Title: The Magnolia Palace
Author: Fiona Davis
Publisher:Dutton 2022
Genre: Historical Fiction
Pages: 340
Rating: 4/5 stars
Reading Challenges:
Eight months since losing her mother in the Spanish flu outbreak of 1919, twenty-one-year-old Lillian Carter's life has completely fallen apart. For the past six years, under the moniker Angelica, Lillian was one of the most sought-after artists' models in New York City, with statues based on her figure gracing landmarks from the Plaza Hotel to the Brooklyn Bridge. But with her mother gone, a grieving Lillian is rudderless and desperate—the work has dried up and a looming scandal has left her entirely without a safe haven. So when she stumbles upon an employment opportunity at the Frick mansion—a building that, ironically, bears her own visage—Lillian jumps at the chance. But the longer she works as a private secretary to the imperious and demanding Helen Frick, the daughter and heiress of industrialist and art patron Henry Clay Frick, the more deeply her life gets intertwined with that of the family—pulling her into a tangled web of romantic trysts, stolen jewels, and family drama that runs so deep, the stakes just may be life or death.

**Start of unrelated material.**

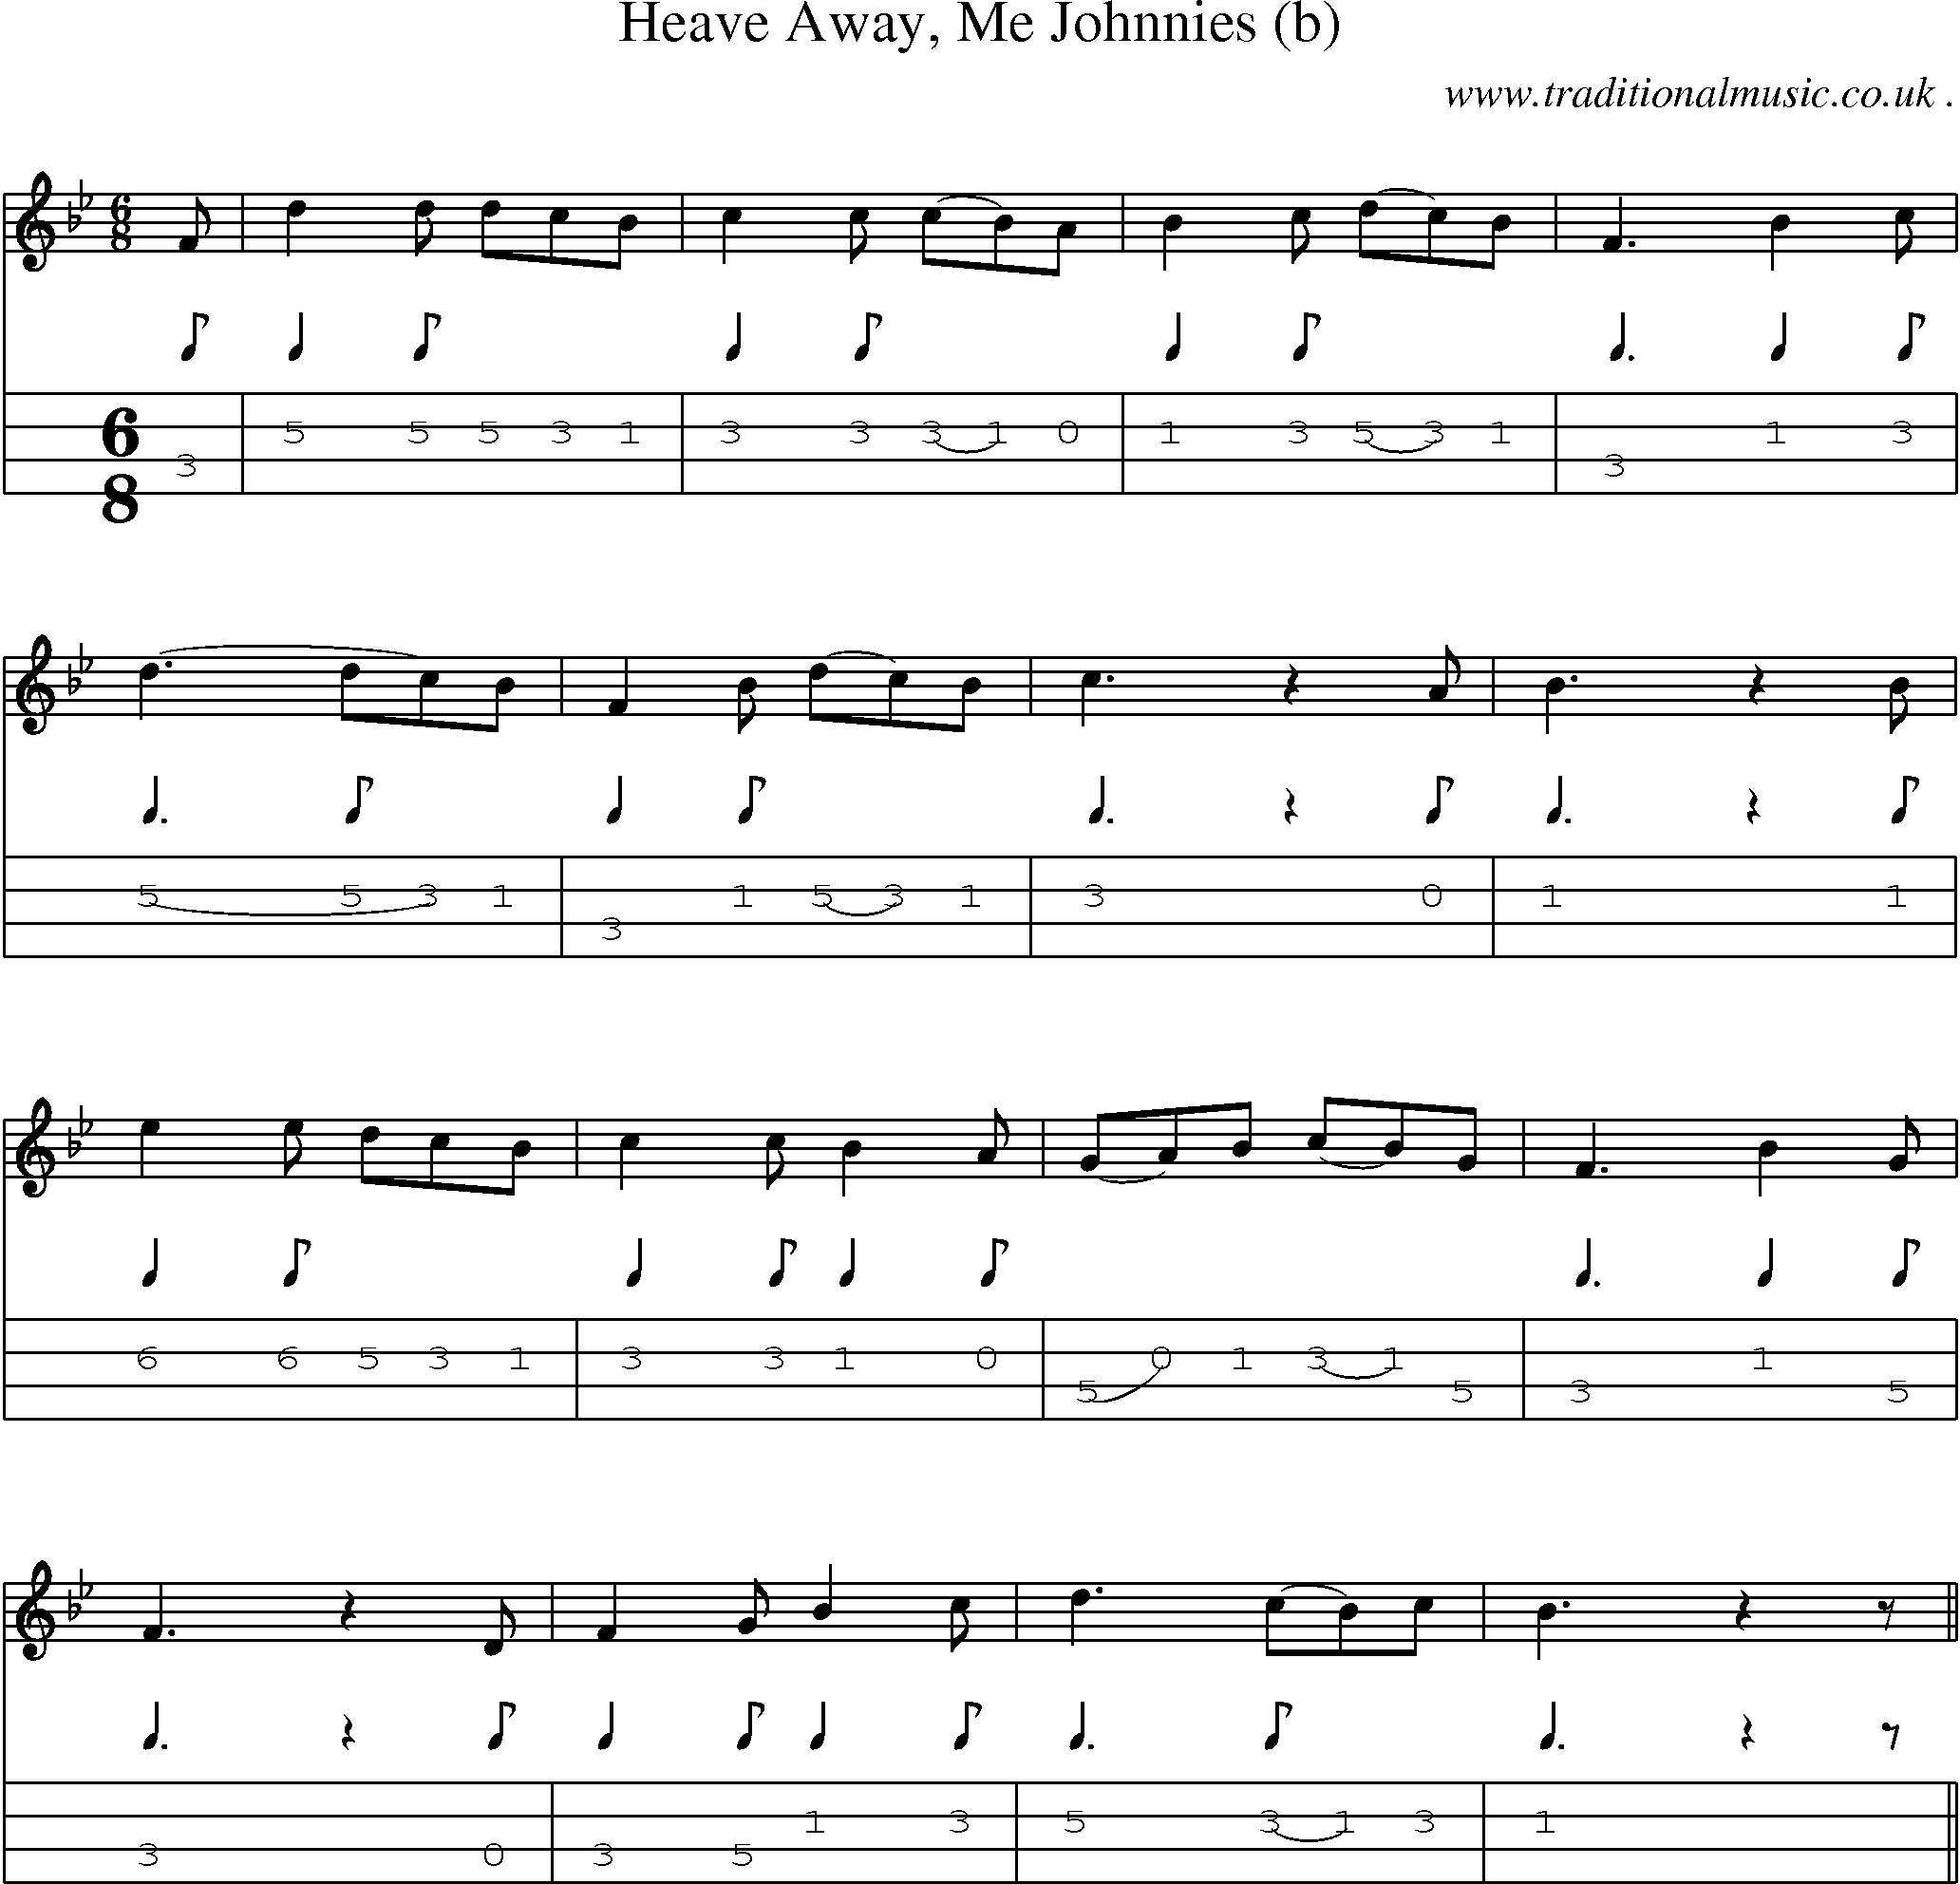 Sheet-Music and Mandolin Tabs for Heave Away Me Johnnies (b)
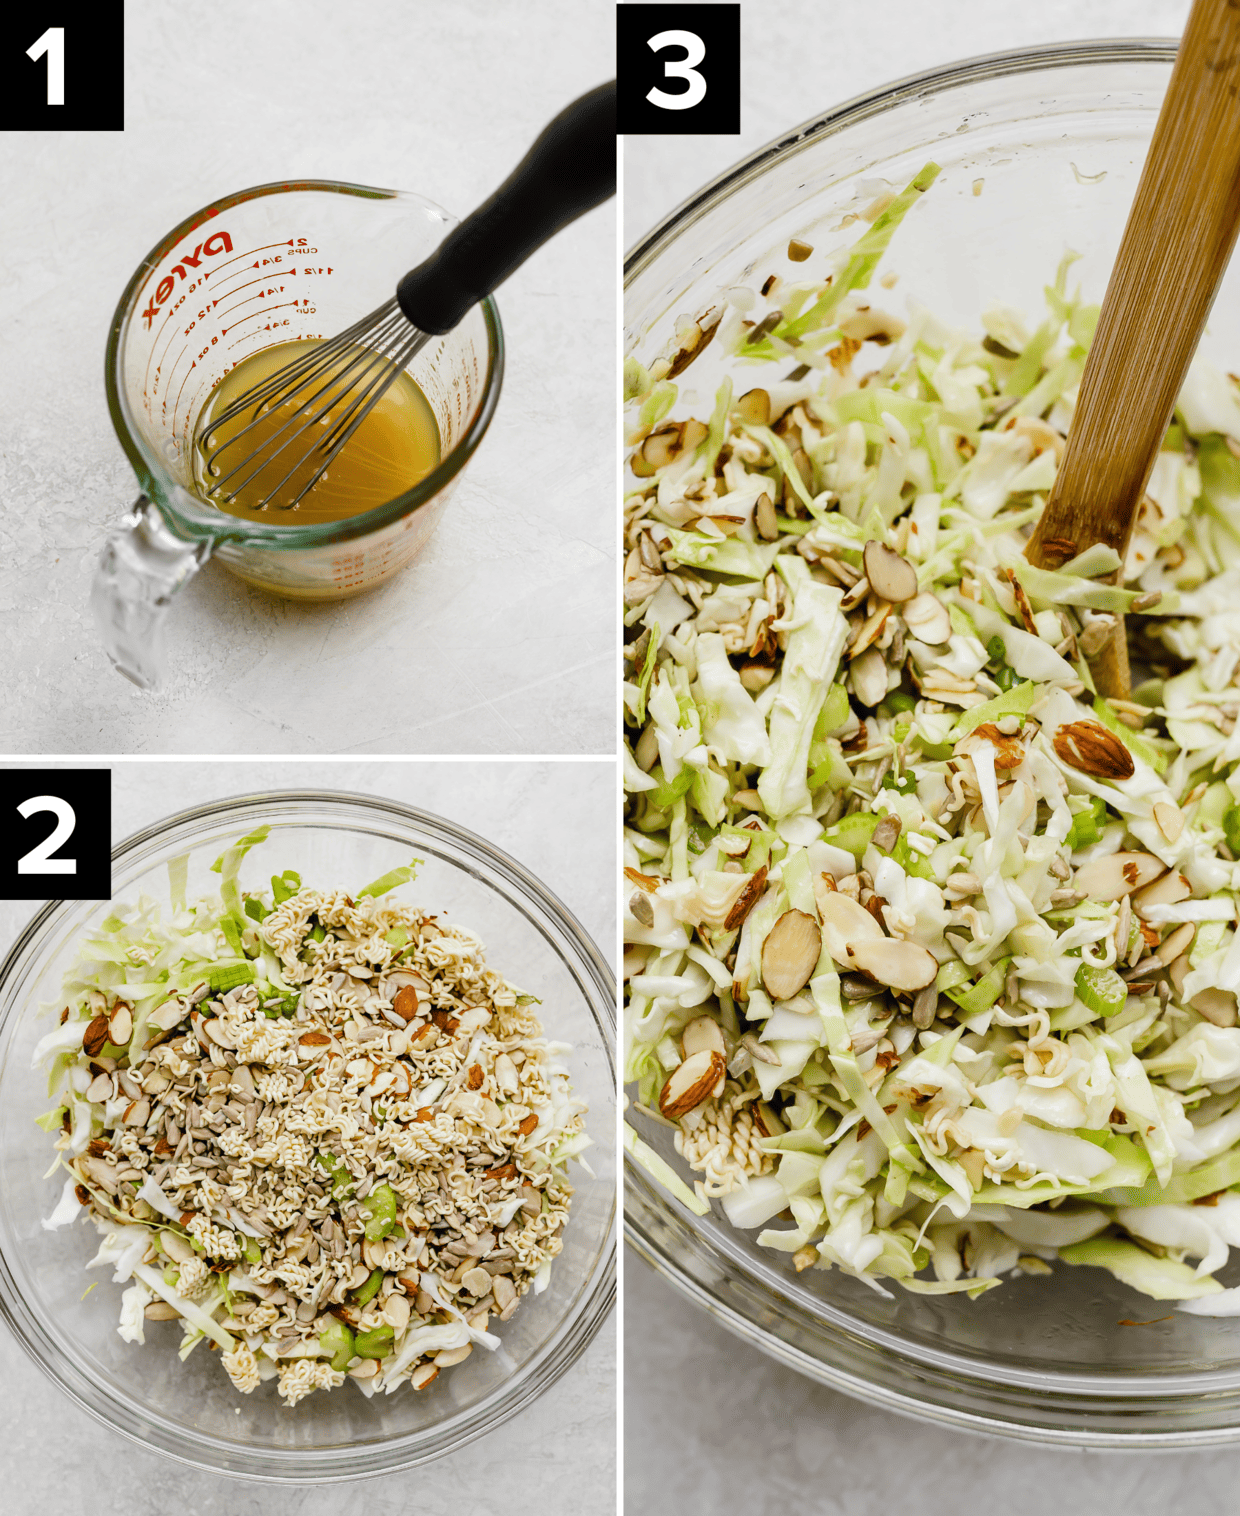 Three images showing how to make cabbage salad, top left image is cabbage salad dressing in a glass measuring cup, bottom left is ramen over a bed of chopped cabbage, right image is mixed Crunchy Cabbage Salad in a glass bowl.

Nearly fifty years later, mod English model Veronica Weber has her own chance to make her career—and with it, earn the money she needs to support her family back home—within the walls of the former Frick residence, now converted into one of New York City's most impressive museums. But when she—along with a charming intern/budding art curator named Joshua—is dismissed from the Vogue shoot taking place at the Frick Collection, she chances upon a series of hidden messages in the museum: messages that will lead her and Joshua on a hunt that could not only solve Veronica's financial woes, but could finally reveal the truth behind a decades-old murder in the infamous Frick family.
I’ve enjoyed Davis’s books in the past and had to pick up her newest one this week. We get a study of the Frick Mansion in NYC with our two timelines. I’m not a huge fan of dual timelines when one is in the present, but thankfully this one has two historical timelines: one in post WWI and one in the 1960s. Lillian and the cast of characters in 1919 were fascinating. I loved peeking into the Frick family at the height of their wealth and privilege. The storyline set in the 1960s was less exciting, but we get the perfect plot to wrap up the mysteries from the earlier timeline. Overall a good historical fiction centered on a real place, but I imagine that I will forget this in a few months.